While the minions and poobahs at the Texas Education Agency work to frustrate the teaching of evolution in science classes, real Texas scientists practicing real Texas science dig away at the Gault Site, an archaeological dig that recently has yielded 1.5 million artifacts from ancient Texans, Clovis Man, living 13,500 years ago.
So far nothing indicates any of these ancient people were Baptist or creationist. Surprisingly, perhaps, they didn’t play football, either.
Pamela LeBlanc, a digger at the site wrote the article in first person.
The pasture, named for the Gault family who once farmed the land, made its debut into professional archaeology in 1929 when J.E. Pearce, founder of the UT archaeology department, excavated here. Over the years, visitors could pay a fee to dig at the farm, hauling off what they found and leaving behind shallow craters.
Today, it’s considered the most prolific site of its kind. Gault has generated more than half of the excavated artifacts from the Clovis people, long considered the first human culture in America. Until recently, most archaeologists believed the Clovis came from Asia across the Bering Strait land bridge at the end of the last ice age about 13,500 years ago, walked down the ice-free corridor of Western Canada and slowly spread across the Americas.

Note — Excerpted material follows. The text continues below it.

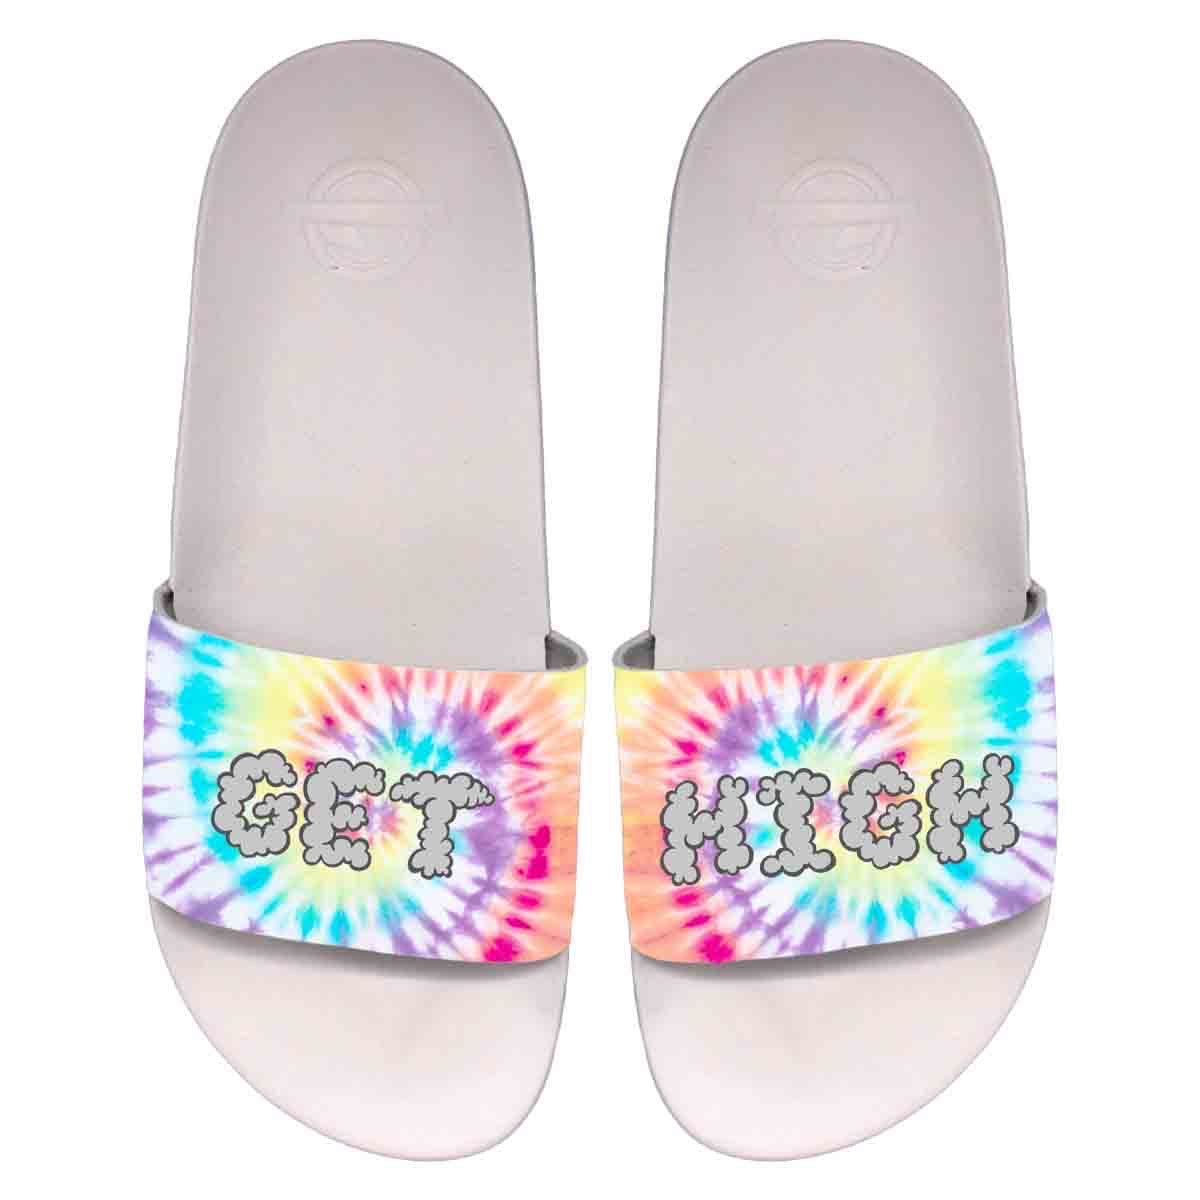 MAV Glass Get High Slides with colorful tie-dye design, top view on white background

Collins and others believe people arrived in the Americas much earlier, probably by boat along the North Atlantic and North Pacific shores. And they believe this site will help prove it. “What we’re trying to do here is expand on our knowledge of the peopling of the Americas,” Collins says.
Even better, you can volunteer to help out at the site, to dig for prehistoric information.

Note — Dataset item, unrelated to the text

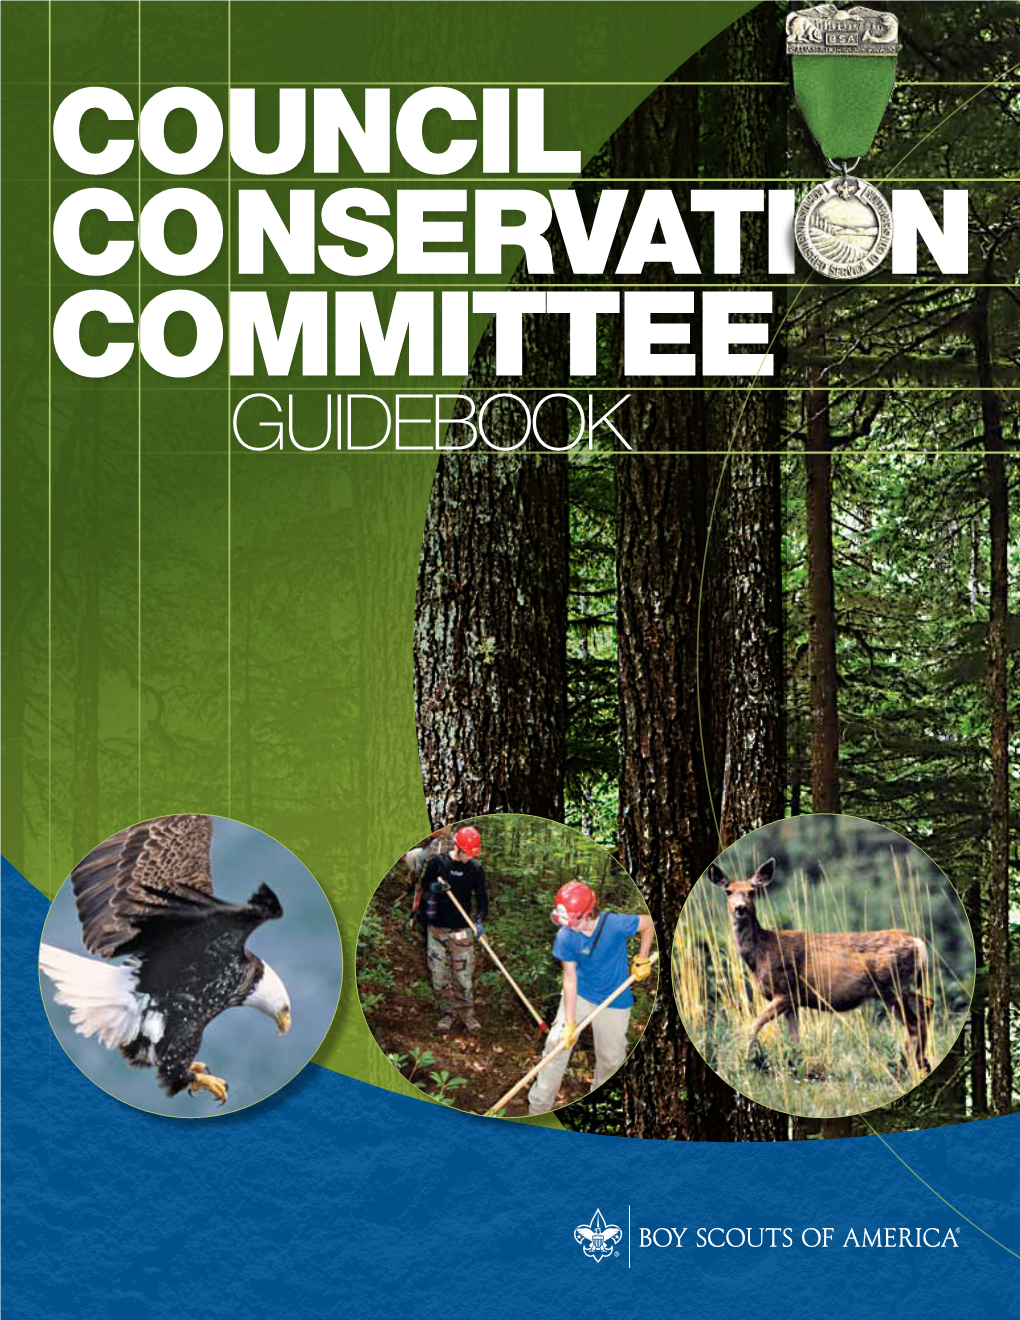 Council Conservation Committee Guidebook Council Conservation Committee Guidebook

To volunteer at the Gault site, contact Cinda Timperley at ctimperley@austin.rr.com. Membership in the Gault School of Archaeological Research is not required to volunteer, but members have priority. Membership is $10 for students; $45 for adults; and $65 for families. The school also needs non-monetary donations of everything from equipment to electrical work. For more information, call 471-5982.
Not only does the Austin paper print news that sticks in the craw of Don McLeroy, they give details on how you can participate in making such news.
Newspapers. Gotta love ’em.
Tip of the old scrub brush to Remote Central.
Also see Pamela LeBlanc’s earlier story about Lucy in Houson.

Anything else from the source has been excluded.